China's leaders ought to reflect on the fact that their country is no longer the"sick man of Asia". It is increasingly powerful, globally proactive and economically robust. So it is a timely moment to reappraise its position and to begin acting from strength, not weakness. In short, it is time for mainland leaders to change the chemistry of their long feud with Taiwan.

After all, the mainland and Taiwan have struggled politically even as their economies become increasingly unified. In due course, they may well be able to become more unified on the political front - if they do not push their disagreements too aggressively. For economic convergence, if allowed to ripen, could set Taiwan and the mainland on an evolutionary course towards common sovereignty.

How can such a scenario be realised? Beijing must declare, loudly and clearly, that greater democracy is its ultimate political goal. Further, that as this evolutionary process takes place and the political climate becomes more congenial, they look forward to discussing how to better weave a political, as well as an economic, fabric with Taiwan. Such a declaration alone would give Taiwanese the ability to imagine that they may one day find it in their interest to reunite with the mainland.

For its part, Taiwan needs to calm down. Its leaders must understand that, even though"independence" may sometimes seem like a logical scenario, Taiwan is a small, vulnerable island, and the mainland an emerging superpower.

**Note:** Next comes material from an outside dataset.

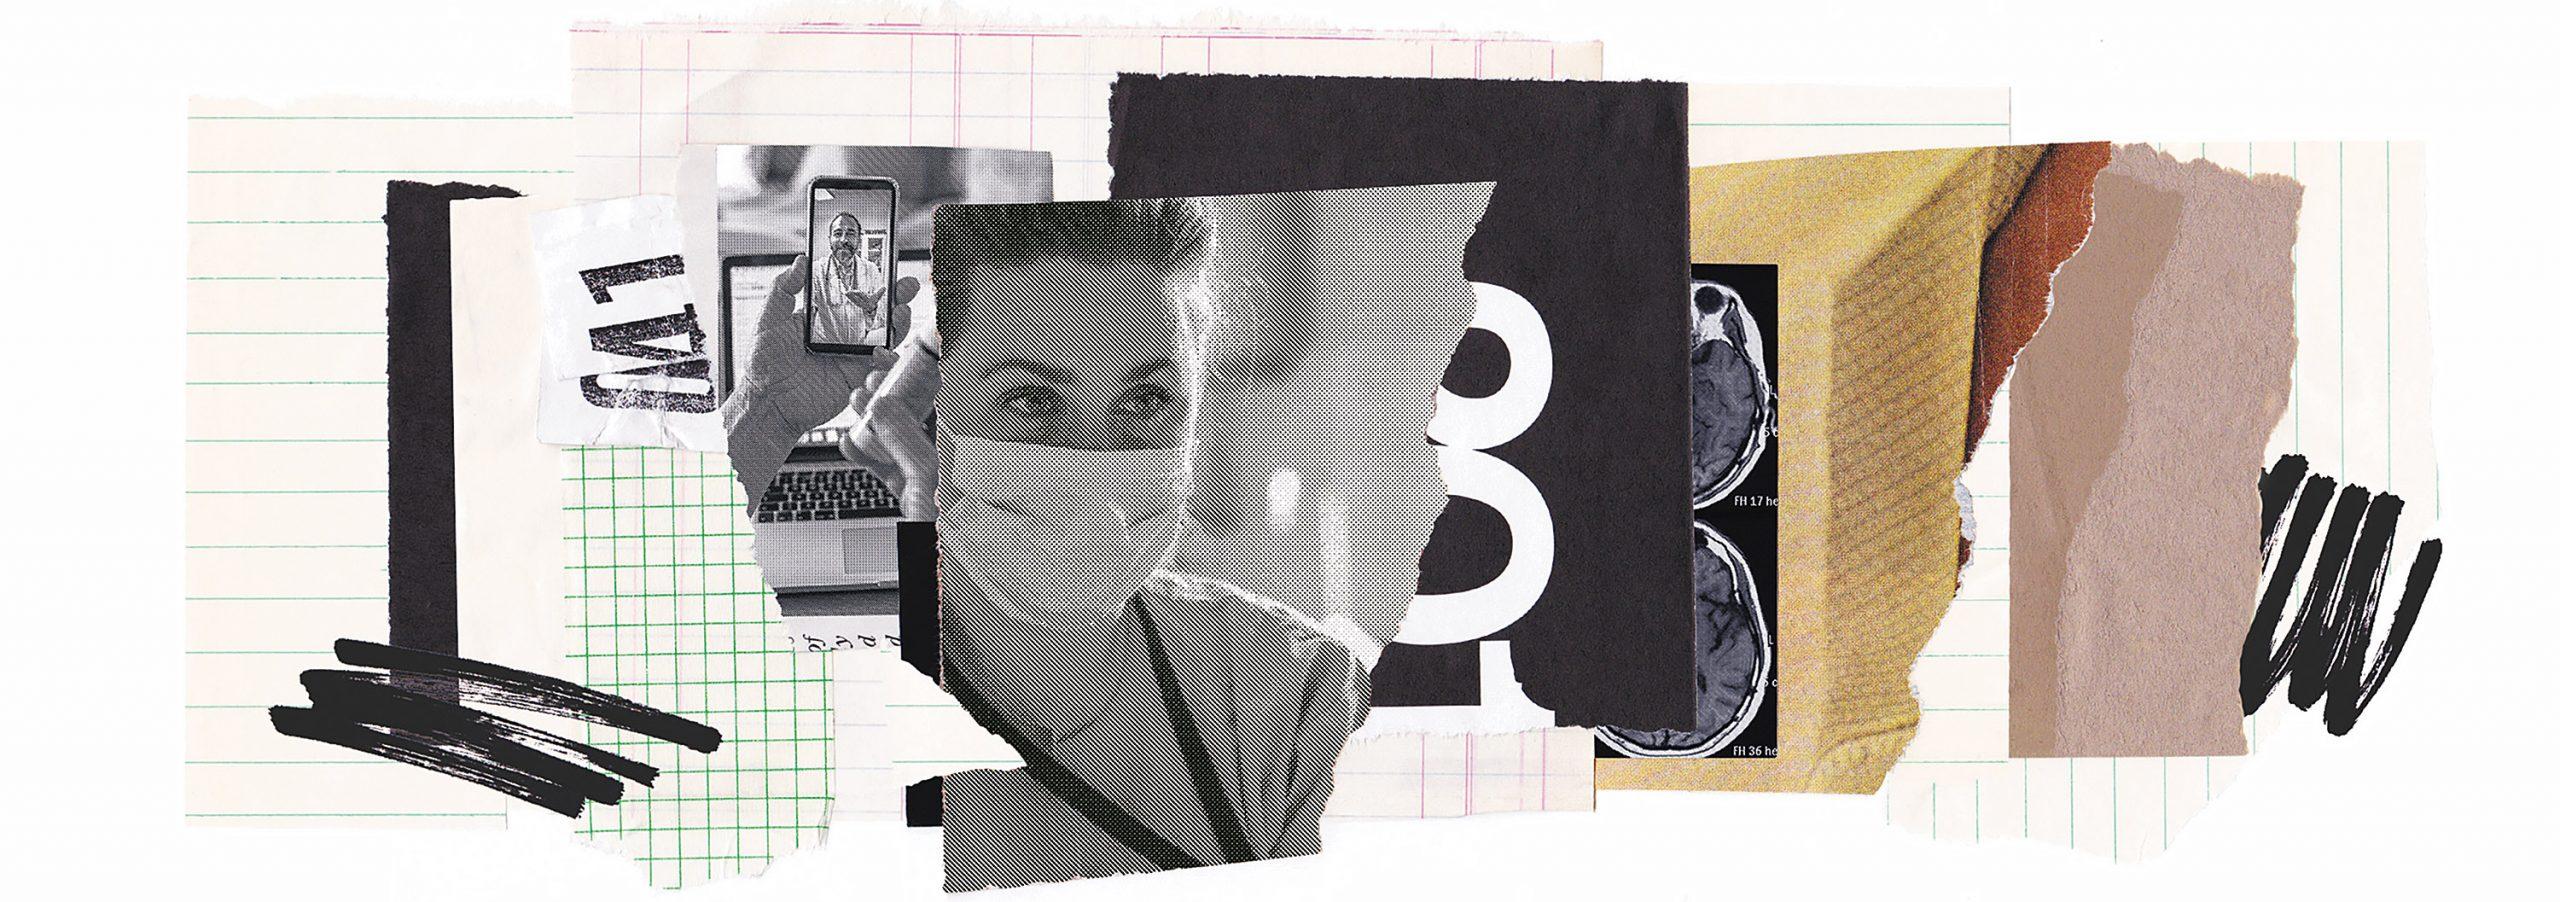 パンデミックで一気に普及した米国の遠隔医療は定着するのか?
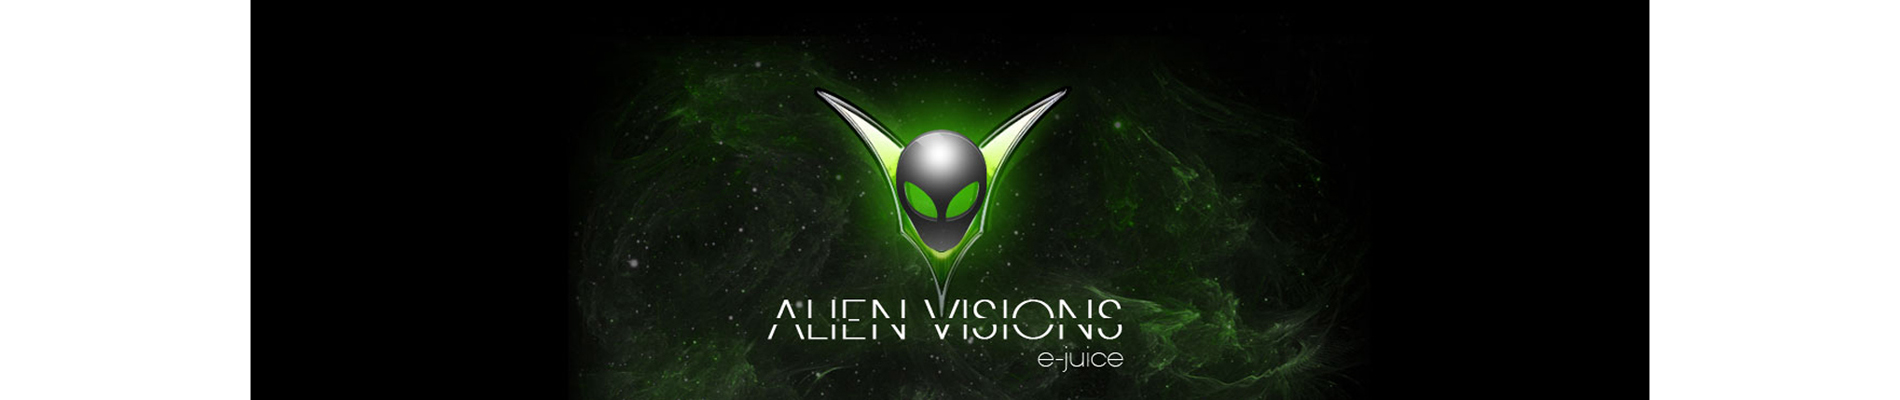 Alien Vision E-juice

Even though Taiwan may have a right to independence, its leaders need to remind their people that provocative actions will gain them little.

In 1973, as Sino-US relations were thawing, Mao admitted to US secretary of state Henry Kissinger that, though he did not believe reunification would come peacefully,"We can do without Taiwan for the time being, and let it come after 100 years... Why is there a need to be in such great haste?"

Mao's advice is not bad. Beijing must take to heart its newfound dynamism and strength, and write a new scenario for its relations with Taiwan emphasising persuasion instead of missiles. For the first time in 50 years, the mainland and Taiwan share real interests. What blocks matrimony is the mainland's lack of democracy. Most mainlanders would probably like to see this absence remedied as much as they favour full reunification. Only democracy on the mainland can bring lasting peace to the Taiwan Strait.